8. Ensuite, pour contester l’appréciation portée par le préfet de la Gironde sur la situation de M. G, la société requérante se prévaut de son contrat d’embauche en qualité de responsable comptable salarié conclu le 1er mars 2020 et soutient que la circonstance que la déclaration préalable à l’embauche n’a été effectuée que le 19 avril 2021 est sans incidence sur l’existence d’un lien salarial. Toutefois, il résulte de l’instruction que M. G était placé en activité partielle à compter du 16 mars 2020 pour 35 heures par semaine alors que sa déclaration à l’embauche mentionne un début de contrat au mois d’avril 2020. En outre, et surtout, la société requérante ne conteste pas qu’il était déjà embauché sur la même période à hauteur de 35 heures hebdomadaires sur l’entreprise spécialisée de la propreté au Bouscat, ce qui le plaçait en dépassement de durée légale du travail. Dès lors, la requérante n’établit pas que M. G aurait effectivement était son salarié durant la période pour laquelle elle a demandé l’aide.
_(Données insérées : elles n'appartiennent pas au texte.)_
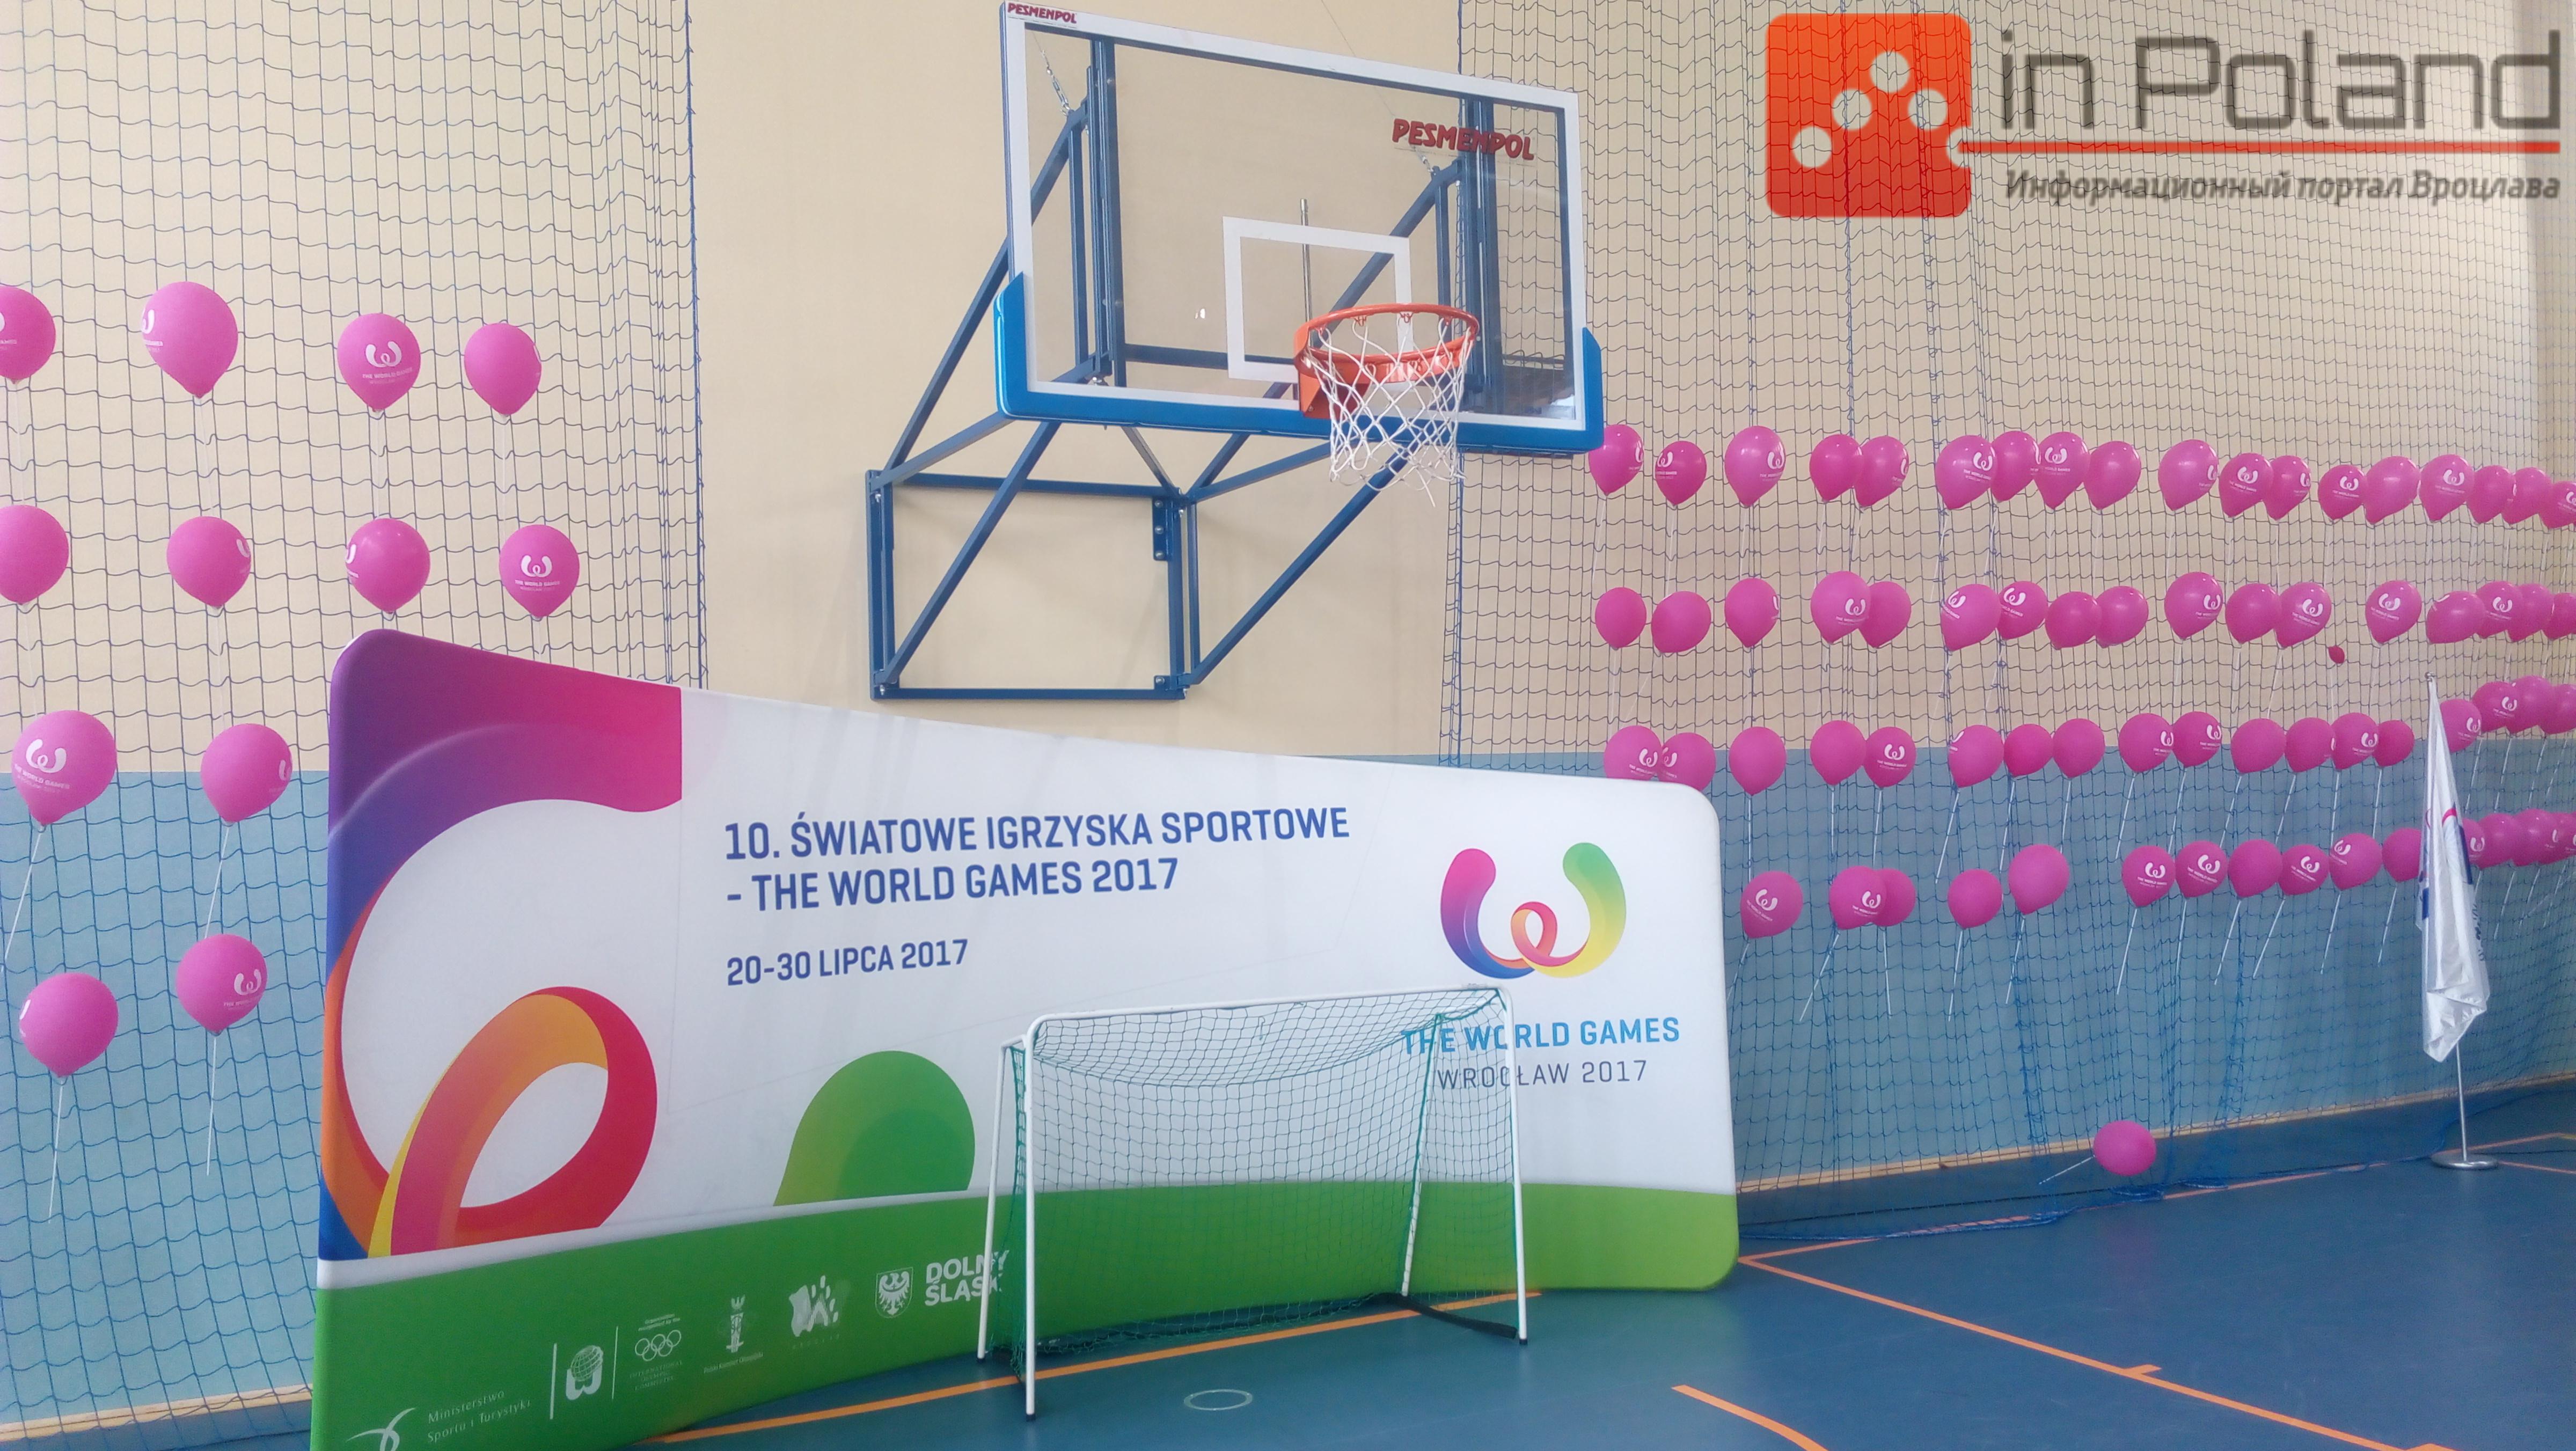 Спортинву залу однієї з вроцлавських шкіл оновлено під паторонатом Всесвітніх ігор-2017

Par suite, le préfet n’a pas entaché sa décision d’erreur de droit ni d’erreur manifeste d’appréciation en décidant que M. G n’était pas salarié de la société dès le 1er mars 2020 et en demandant par conséquent le remboursement de l’aide à l’activité partielle versée à compter de cette date.
9. Il résulte de tout ce qui précède que la requête de la SAS Armureries Girondines Web doit être rejetée en toutes ses conclusions.
DECIDE :
Article 1er : La requête de la SAS Armureries Girondines Web est rejetée.
Article 2 : Le présent jugement sera notifié à la SAS Armureries Girondines Web et au préfet de la Gironde.
Délibéré après l’audience du 22 mai 2025 à laquelle siégeaient :
M. Ferrari, président,
Mme J et Mme C, premières conseillères.
Rendu public par mise à disposition au greffe le 5 juin 2025.
La rapporteure,
K. BENZAID
Le président,
D. FERRARI Le greffier,
Y. JAMEAU
La République mande et ordonne au préfet de la Gironde, en ce qui la concerne ou à tous commissaires de justice à ce requis en ce qui concerne les voies de droit commun, contre les parties privées, de pourvoir à l’exécution de la présente décision.